▶ **Recorded information**
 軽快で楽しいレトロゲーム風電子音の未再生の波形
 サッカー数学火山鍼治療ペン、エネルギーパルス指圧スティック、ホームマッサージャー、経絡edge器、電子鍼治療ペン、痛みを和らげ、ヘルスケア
---
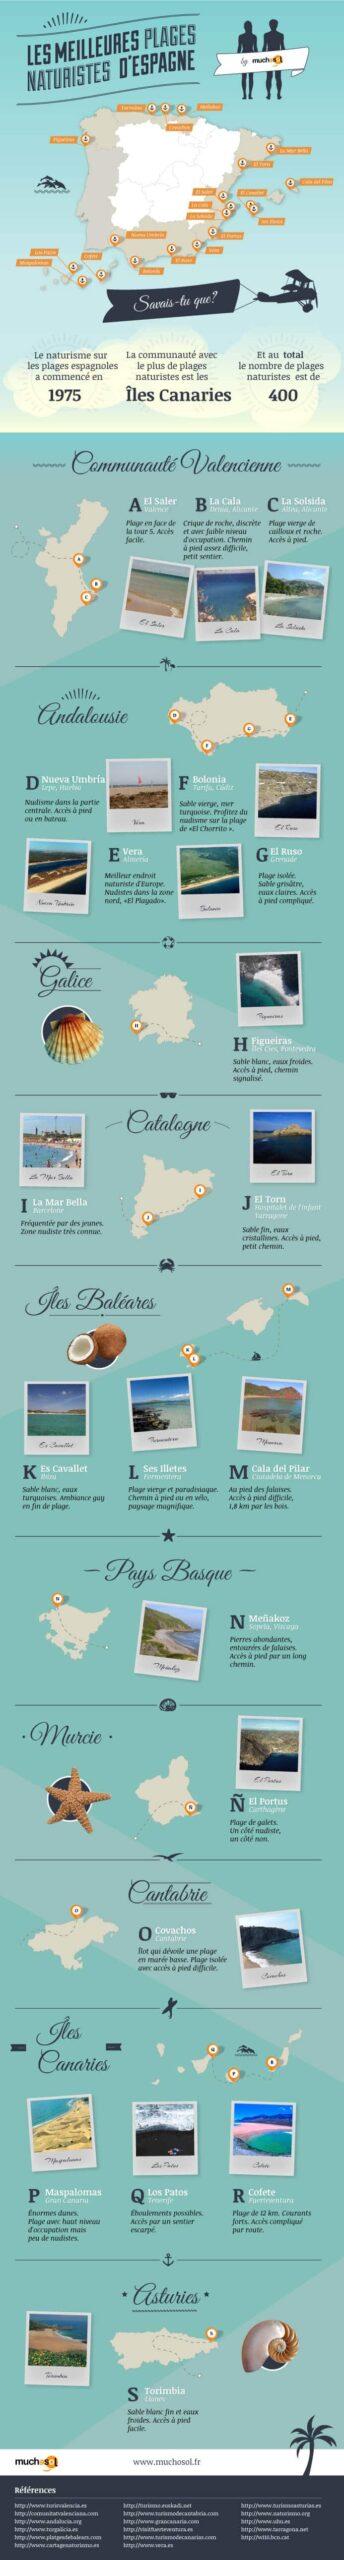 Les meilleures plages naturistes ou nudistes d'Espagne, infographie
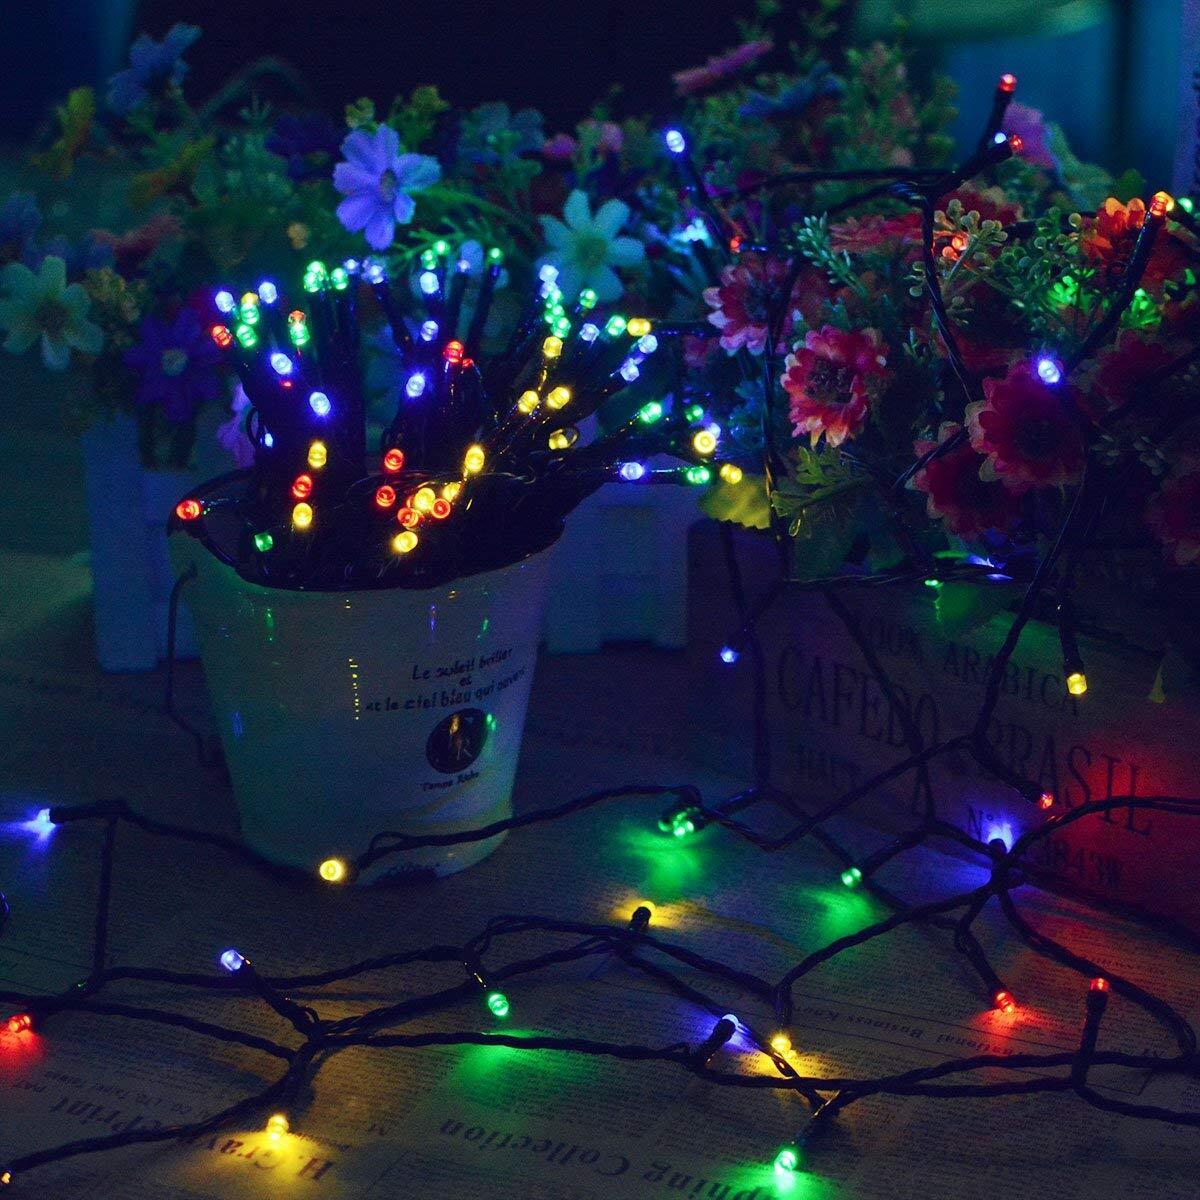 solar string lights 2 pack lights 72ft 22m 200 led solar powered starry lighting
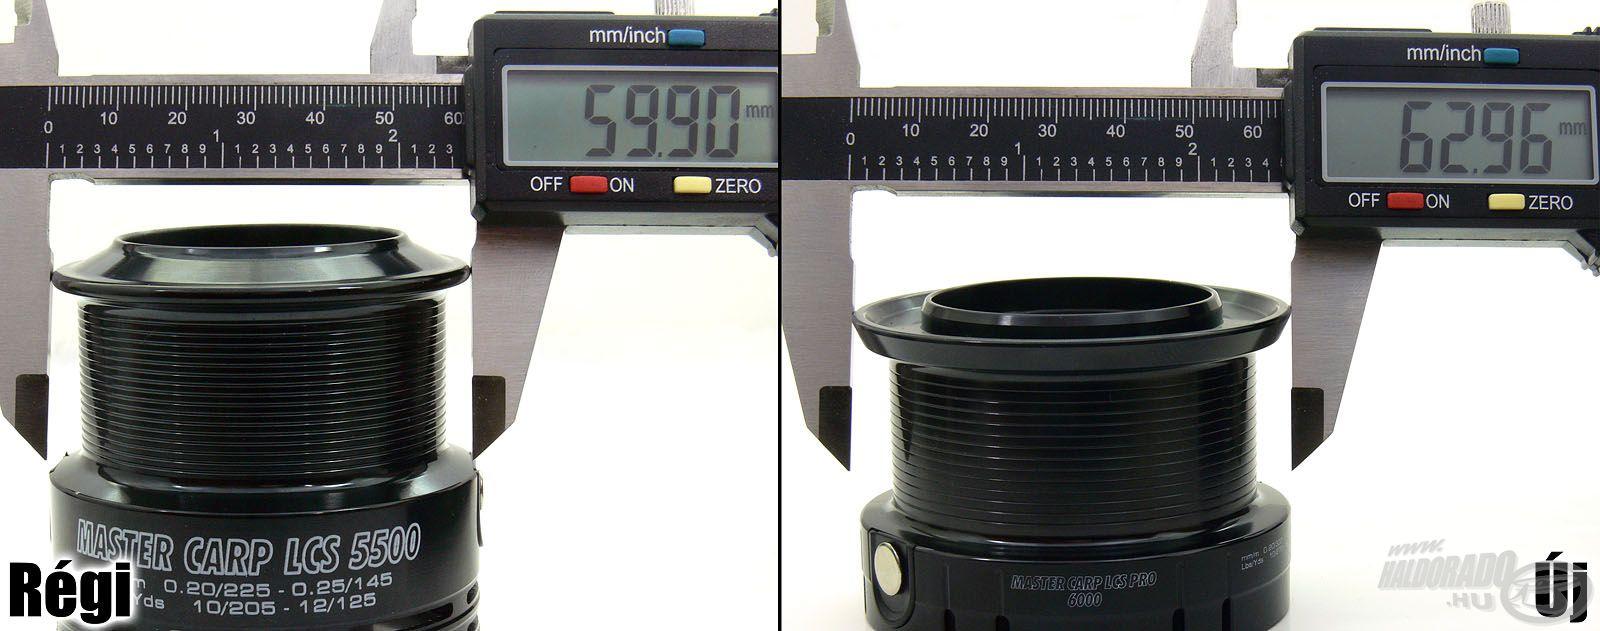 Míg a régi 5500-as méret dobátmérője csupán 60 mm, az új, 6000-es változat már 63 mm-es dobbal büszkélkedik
--
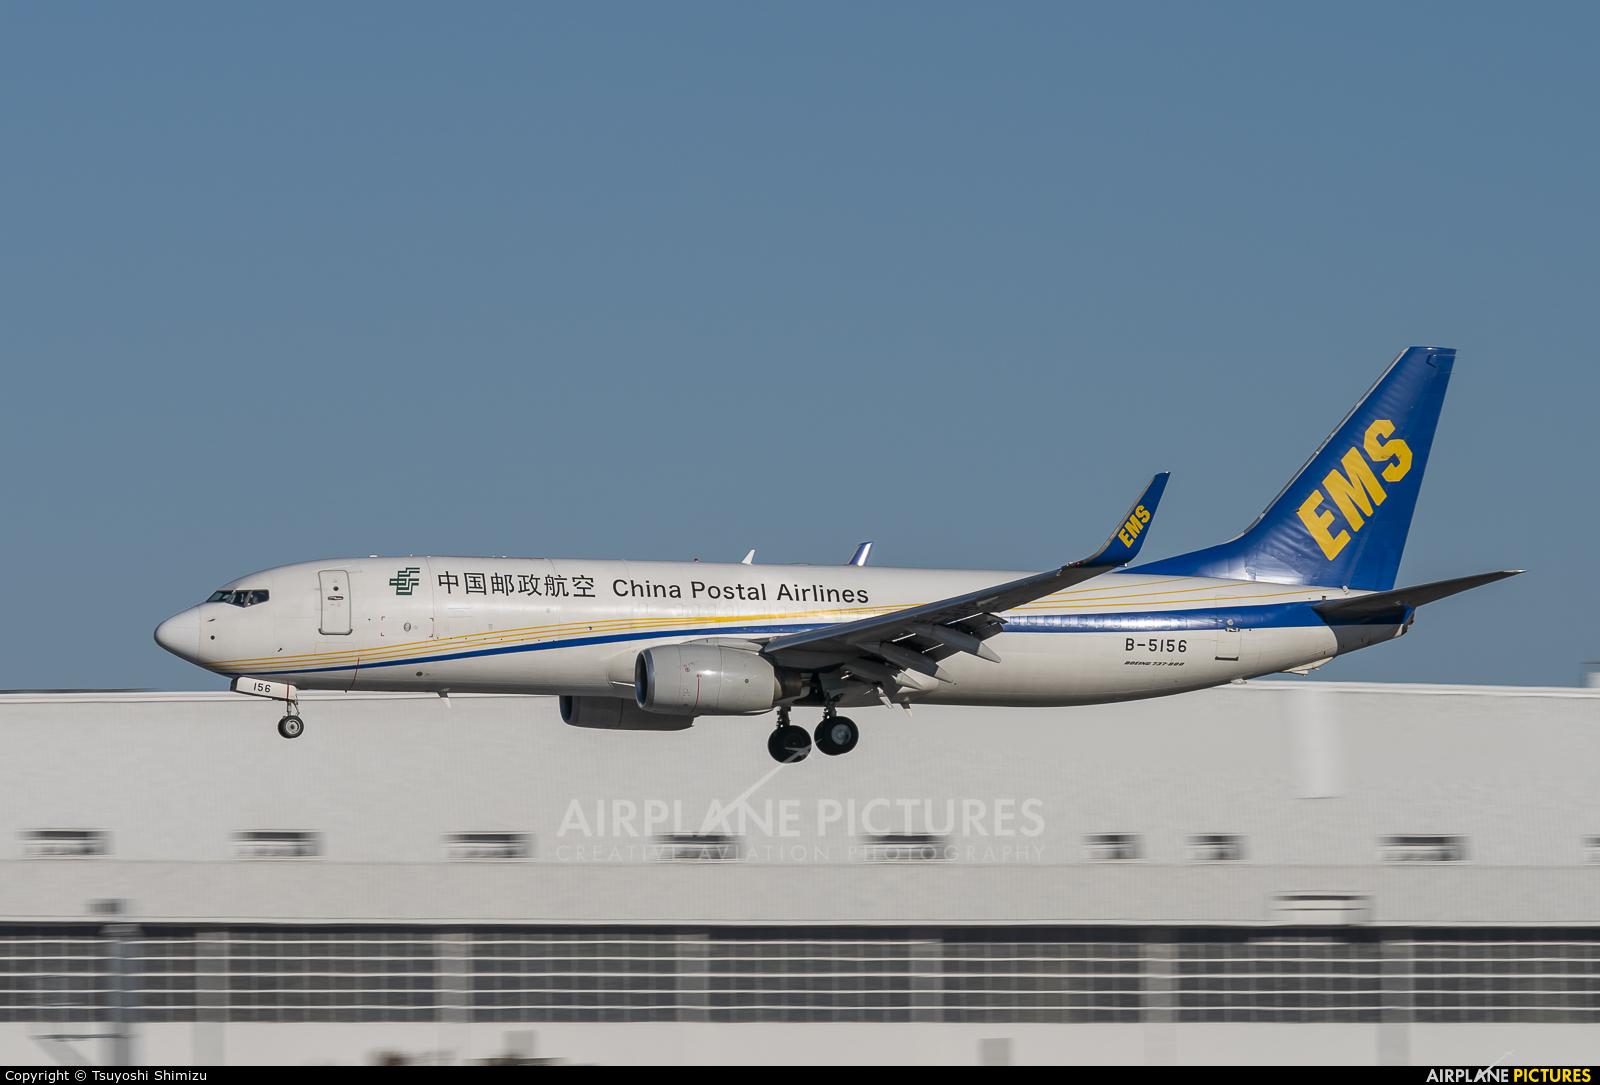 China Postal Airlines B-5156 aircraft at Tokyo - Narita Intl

▶ **What you need to do**
Return the lines above from the one with "solar string lights" through the one with "Míg a régi 5500-as", verbatim and nothing else. Omit every picture.

▶ **Output**
 solar string lights 2 pack lights 72ft 22m 200 led solar powered starry lighting
 Míg a régi 5500-as méret dobátmérője csupán 60 mm, az új, 6000-es változat már 63 mm-es dobbal büszkélkedik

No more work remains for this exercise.